◆ Aim of the exercise
This exercise calls for the data below to be retyped exactly, minus any images.

START Dataset extract

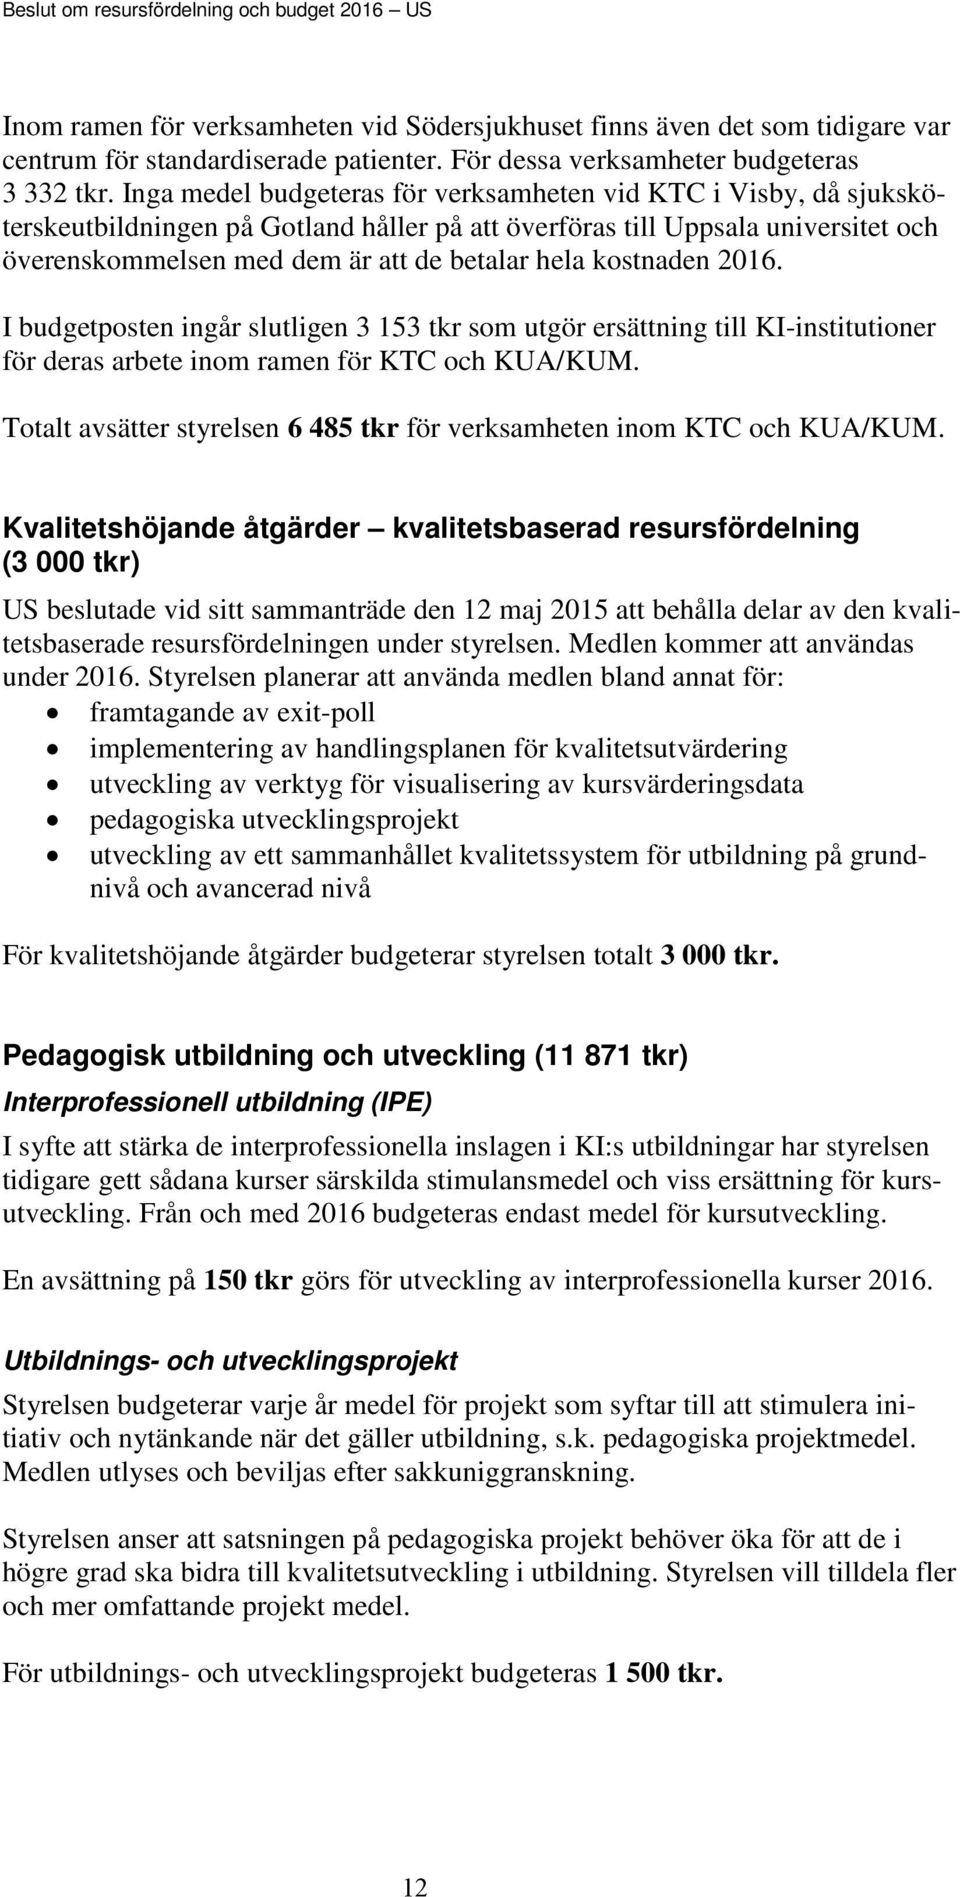 Inga medel budgeteras för verksamheten vid KTC i Visby, då sjuksköterskeutbildningen på Gotland håller på att överföras till Uppsala universitet och överenskommelsen med dem är att de betalar hela
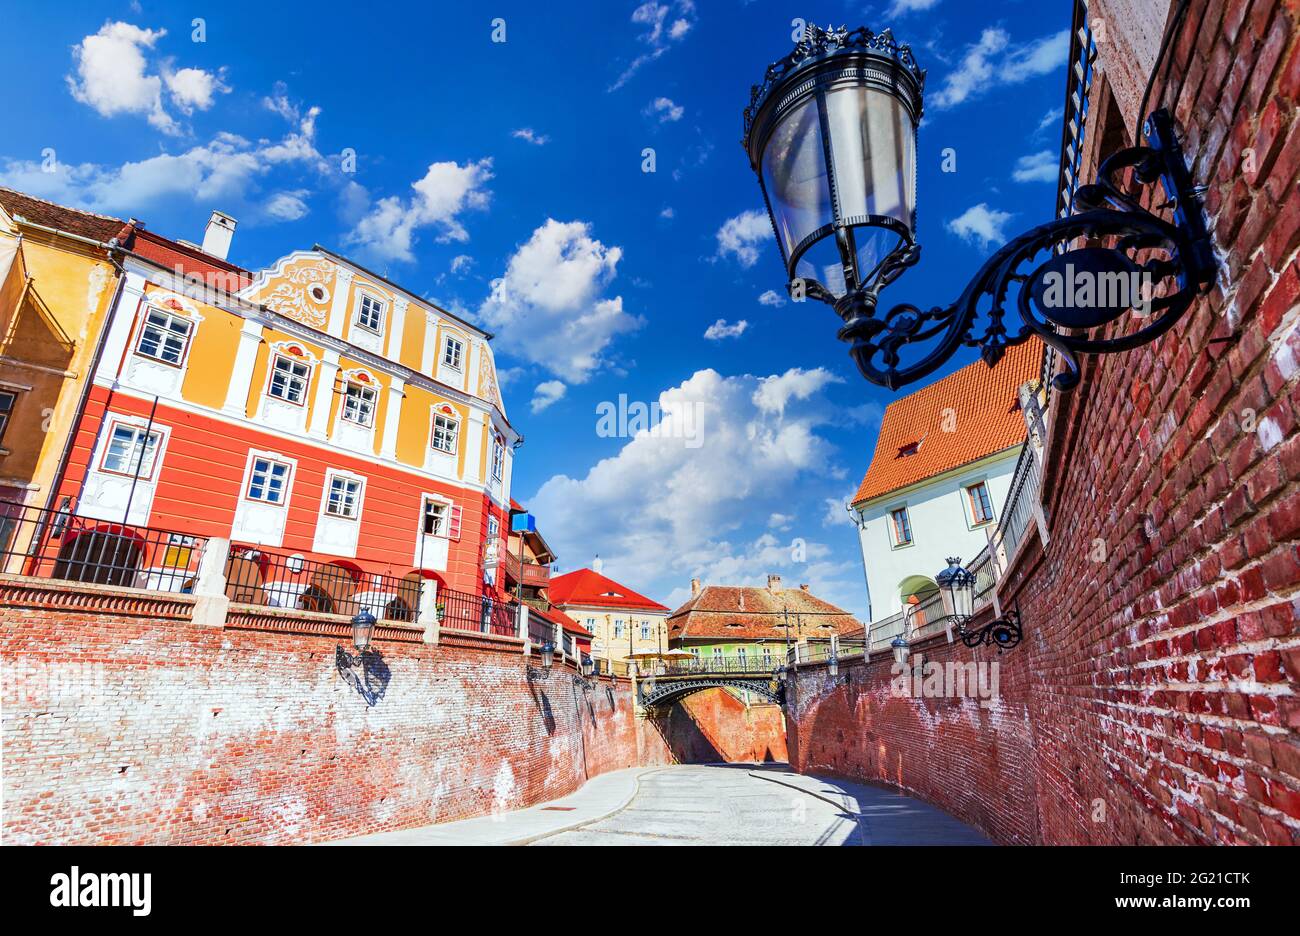 Sibiu, Rumänien. Historische Innenstadt der mittelalterlichen sächsischen Stadt in Siebenbürgen, Reise-Website in Osteuropa. Berühmte Liar's Bridge. Stockfoto
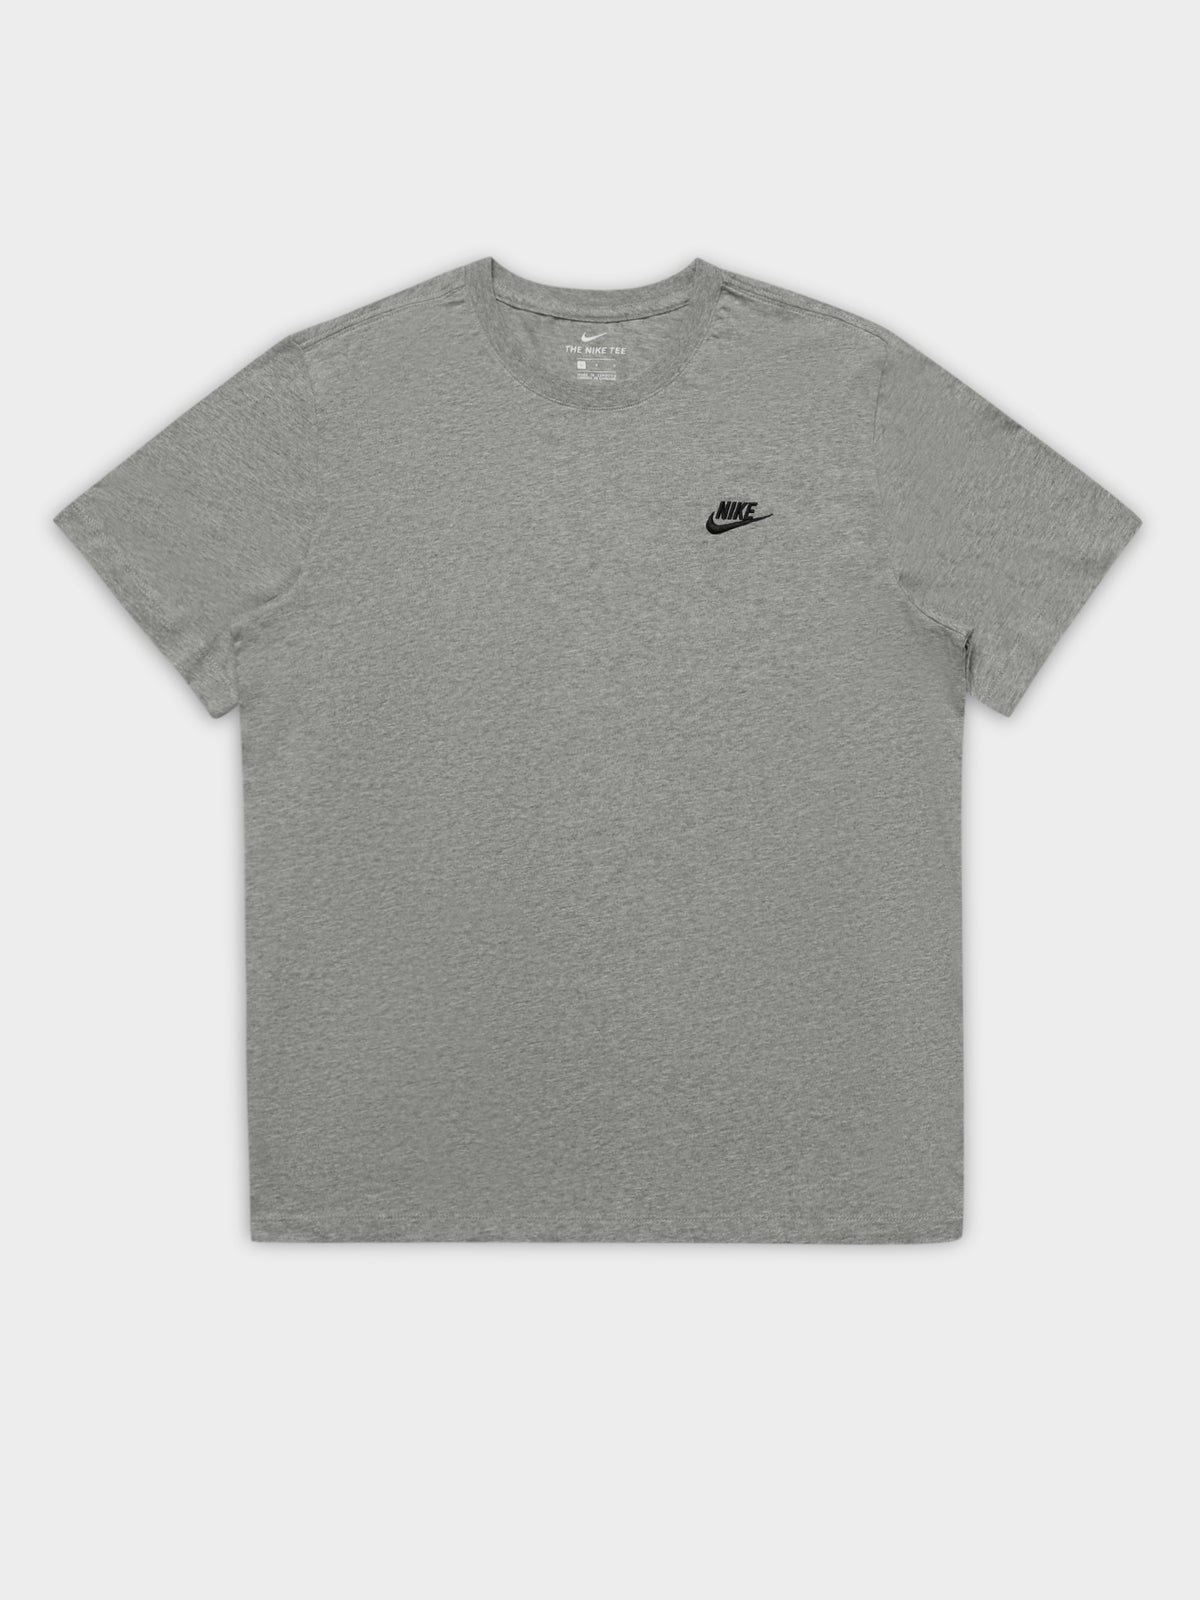 NSW Club Short Sleeve T-Shirt in Dark Grey

END Dataset extract

◆ Response area
 Inga medel budgeteras för verksamheten vid KTC i Visby, då sjuksköterskeutbildningen på Gotland håller på att överföras till Uppsala universitet och överenskommelsen med dem är att de betalar hela
 Sibiu, Rumänien. Historische Innenstadt der mittelalterlichen sächsischen Stadt in Siebenbürgen, Reise-Website in Osteuropa. Berühmte Liar's Bridge. Stockfoto
 NSW Club Short Sleeve T-Shirt in Dark Grey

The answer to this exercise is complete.